● **DATASET EXTRACT**
▽
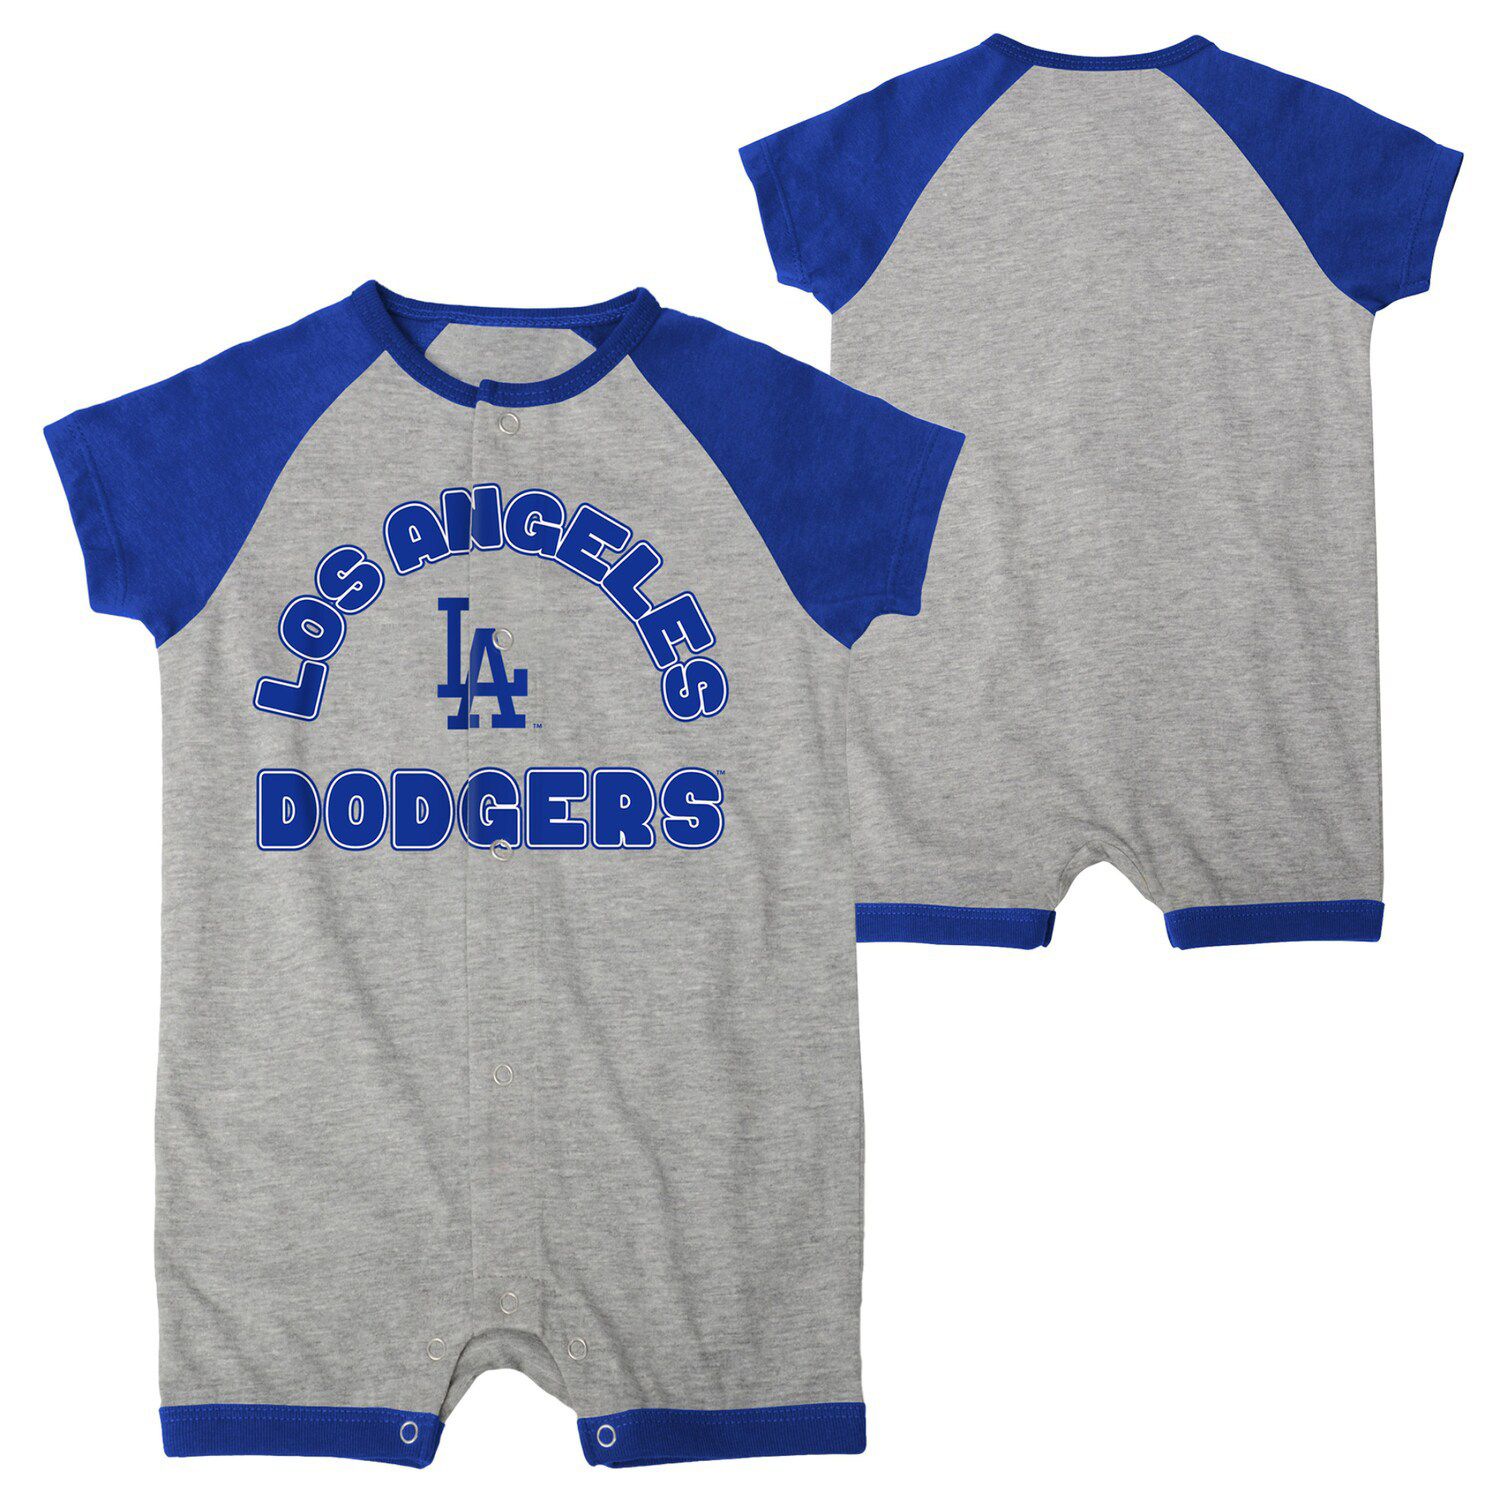 Outerstuff Girls Newborn & Infant Royal/Heathered Gray Los Angeles Dodgers Scream & Shout Two-Pack Bodysuit Set
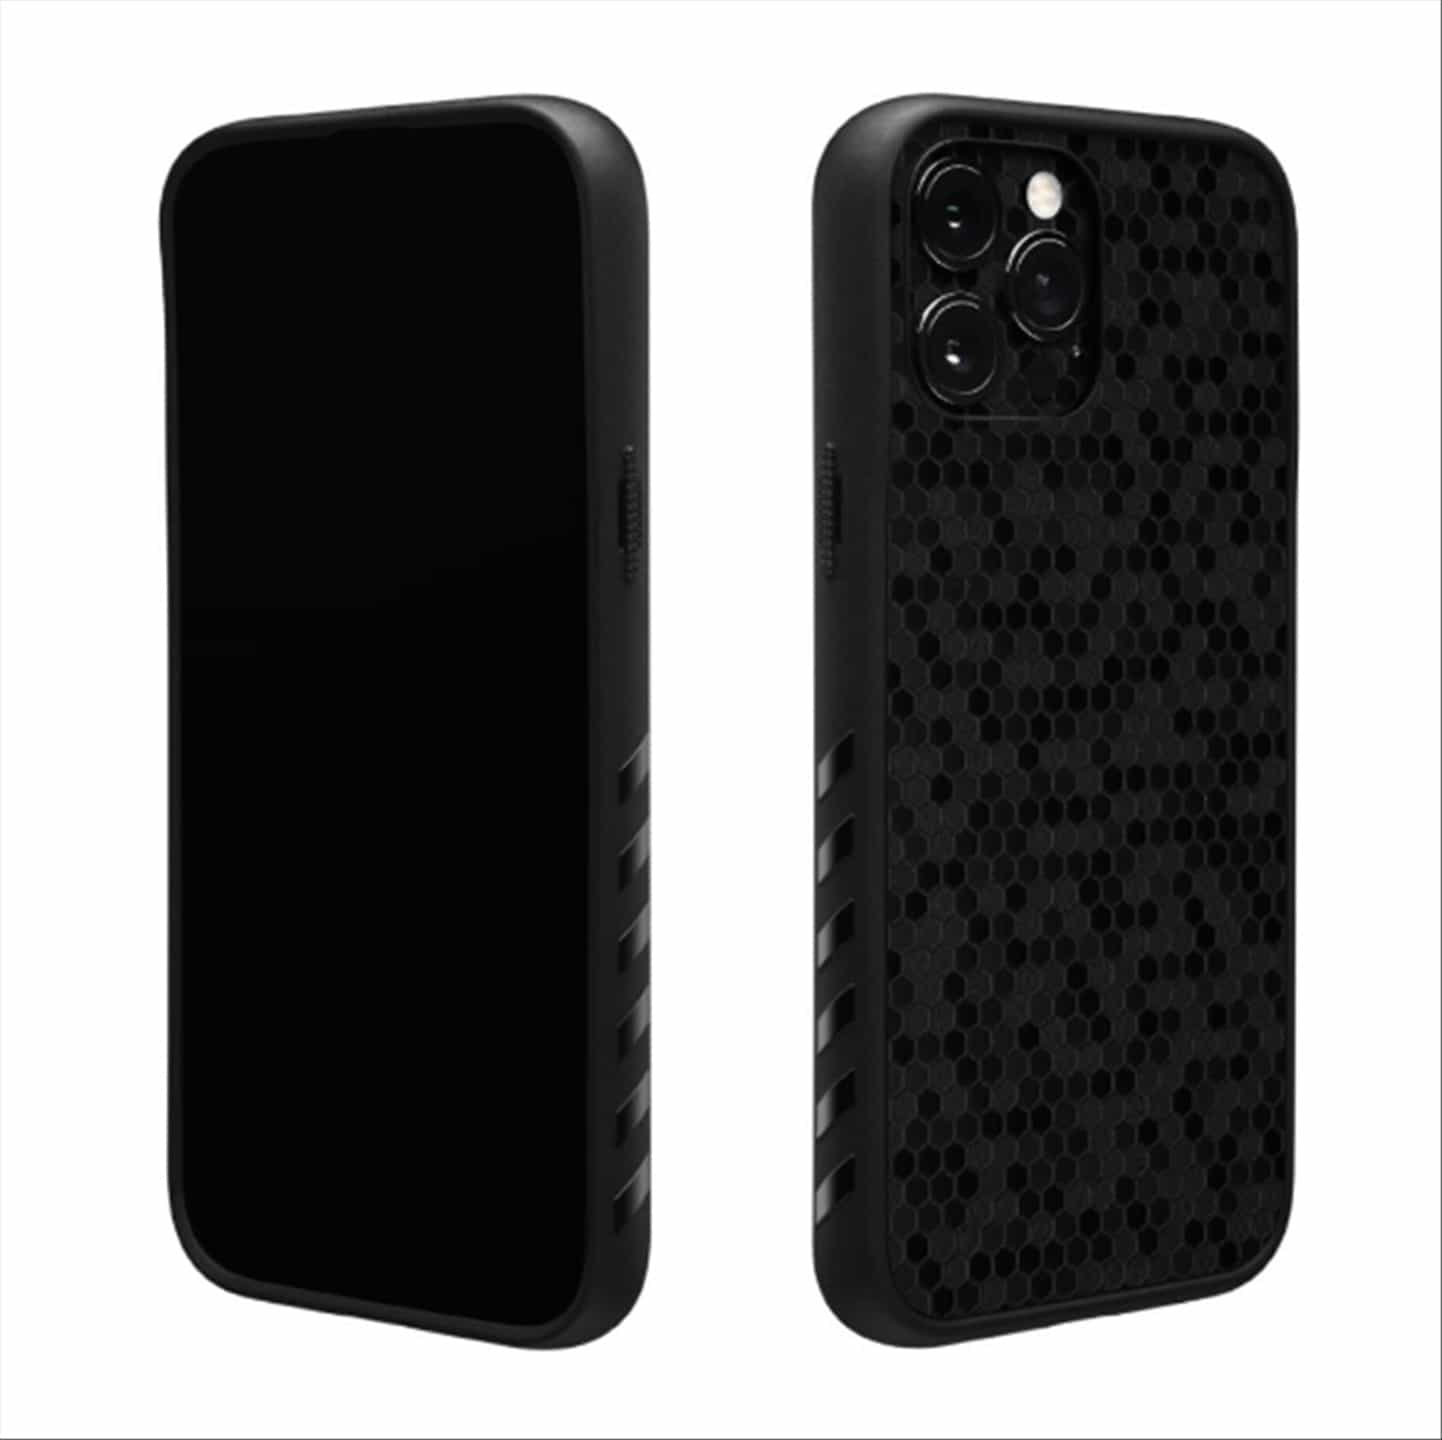 A walkthrough of different dbrand phone cases
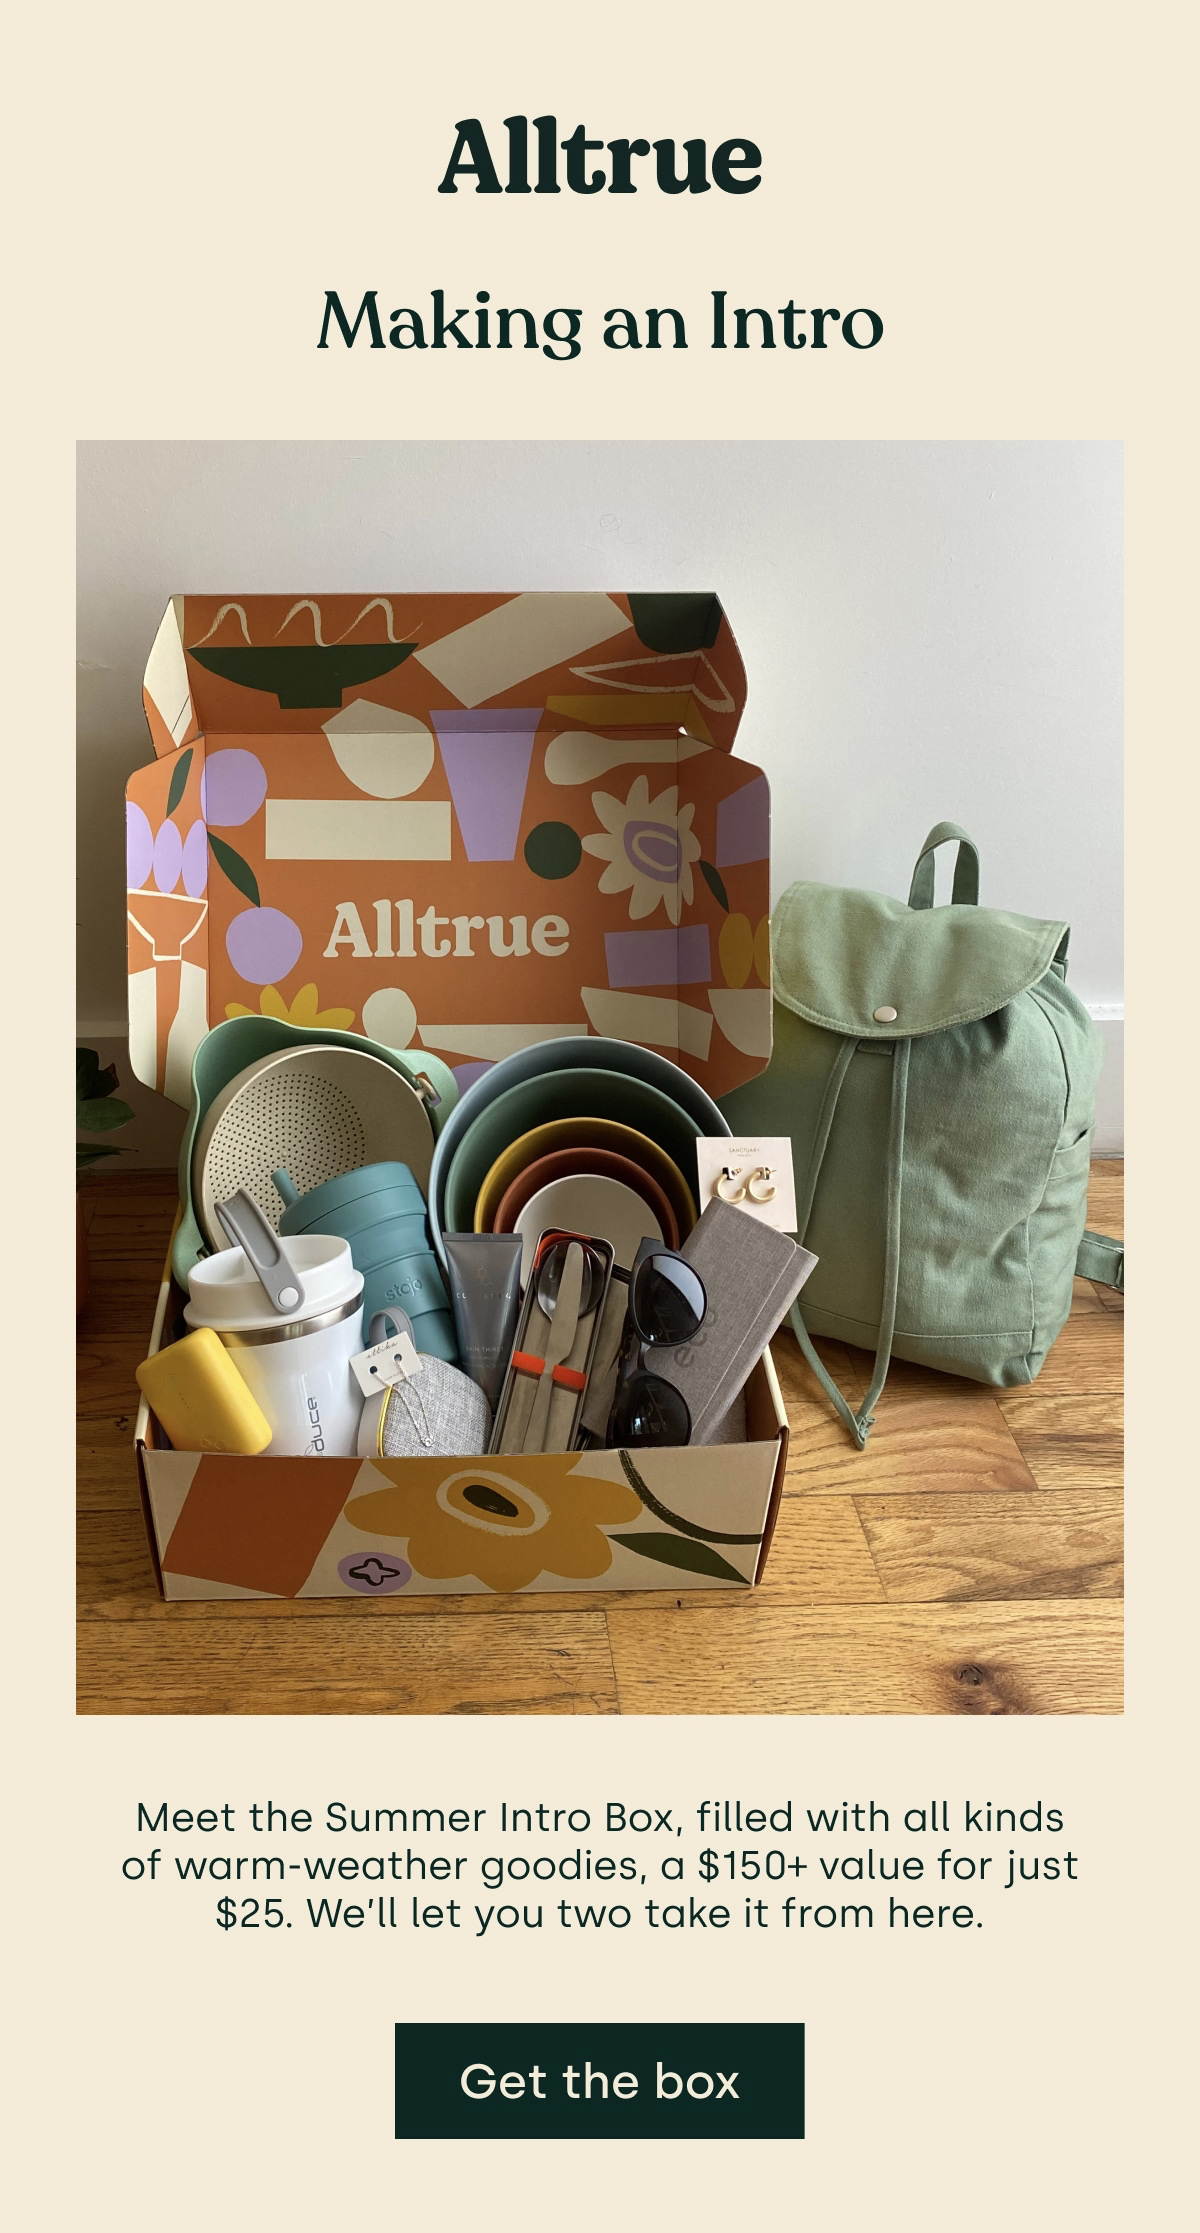 Alltrue 25 Summer 2021 Intro Box Full Spoilers + FREE With Annual
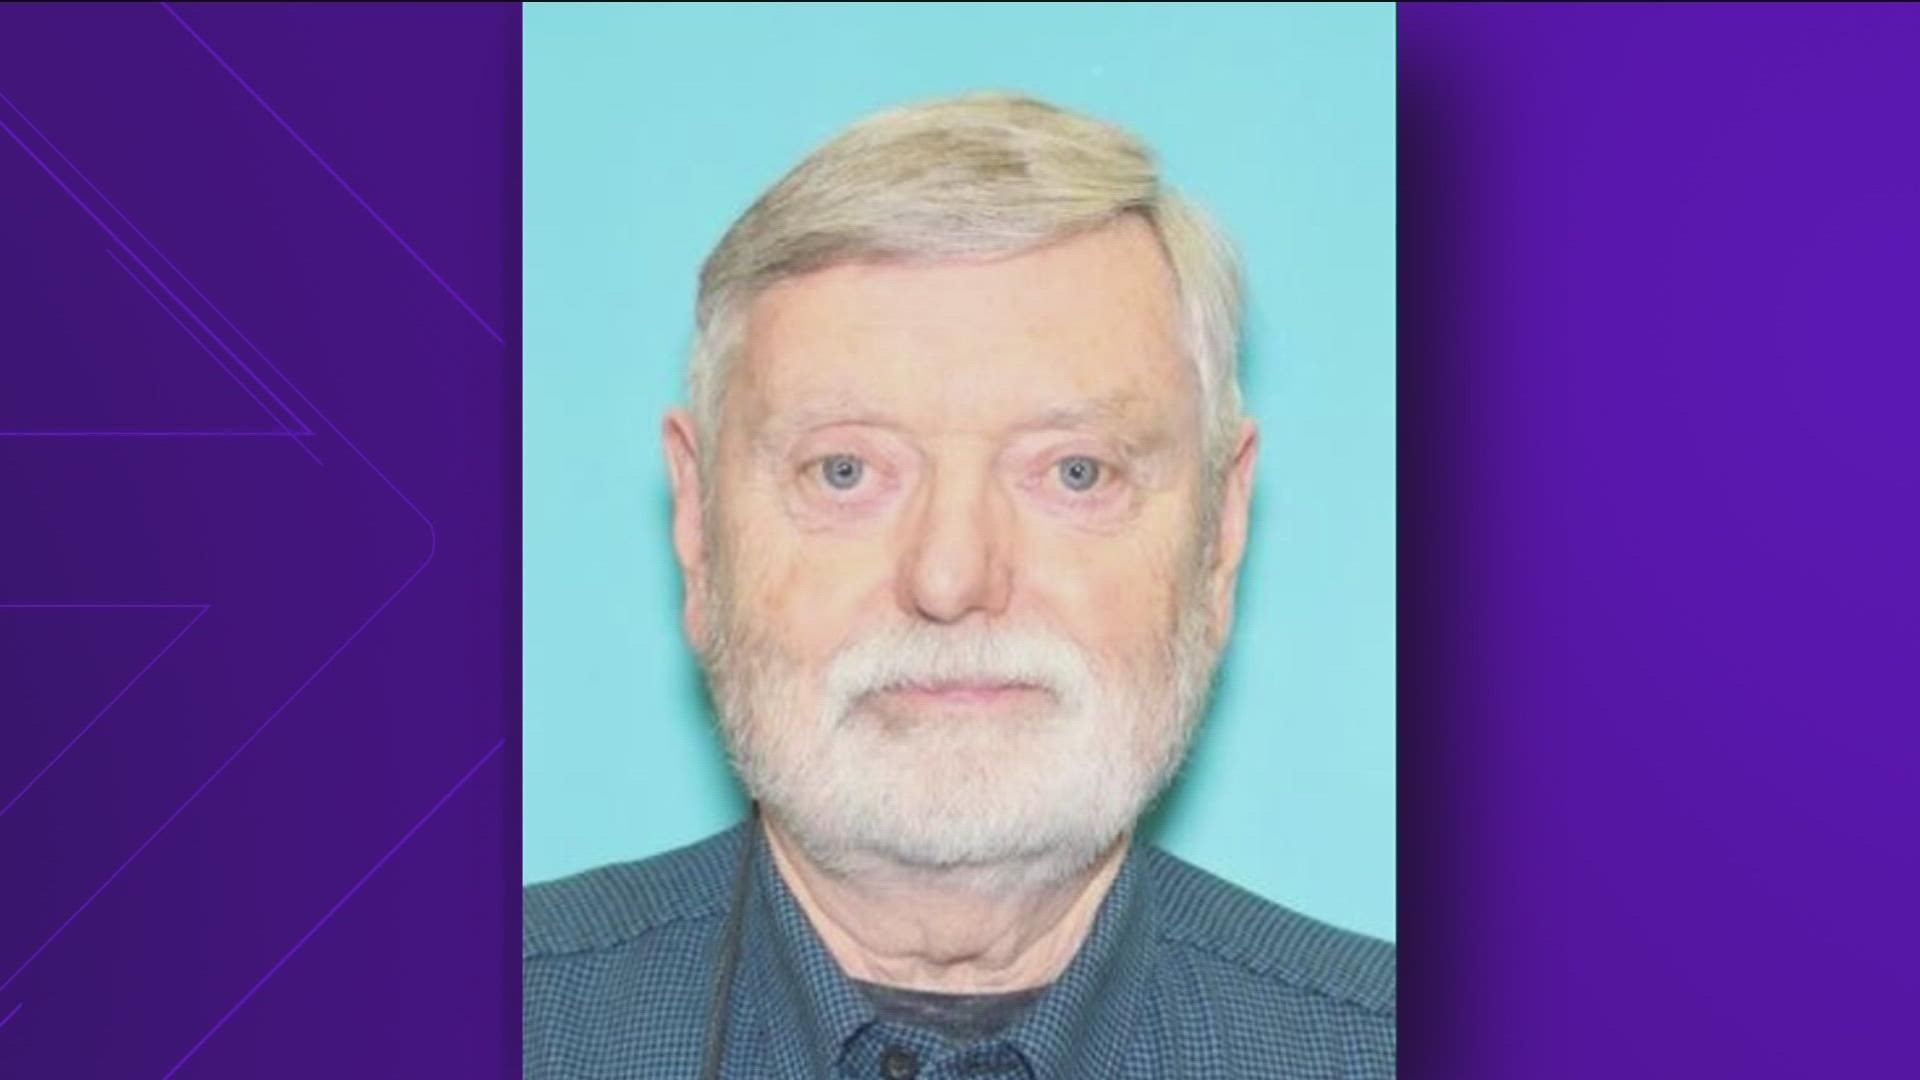 James Daly was reported missing after he was last seen on July 27. Boise Police reported he was found deceased Thursday.
△
● **ACTIVITY**
Starting at the line with "Alltrue 25 Summer", output each line through the final one of the listing above, and nothing else. Pictures are to be left out.

● **RESPONSE FOR THIS EXERCISE**
 Alltrue 25 Summer 2021 Intro Box Full Spoilers + FREE With Annual
 James Daly was reported missing after he was last seen on July 27. Boise Police reported he was found deceased Thursday.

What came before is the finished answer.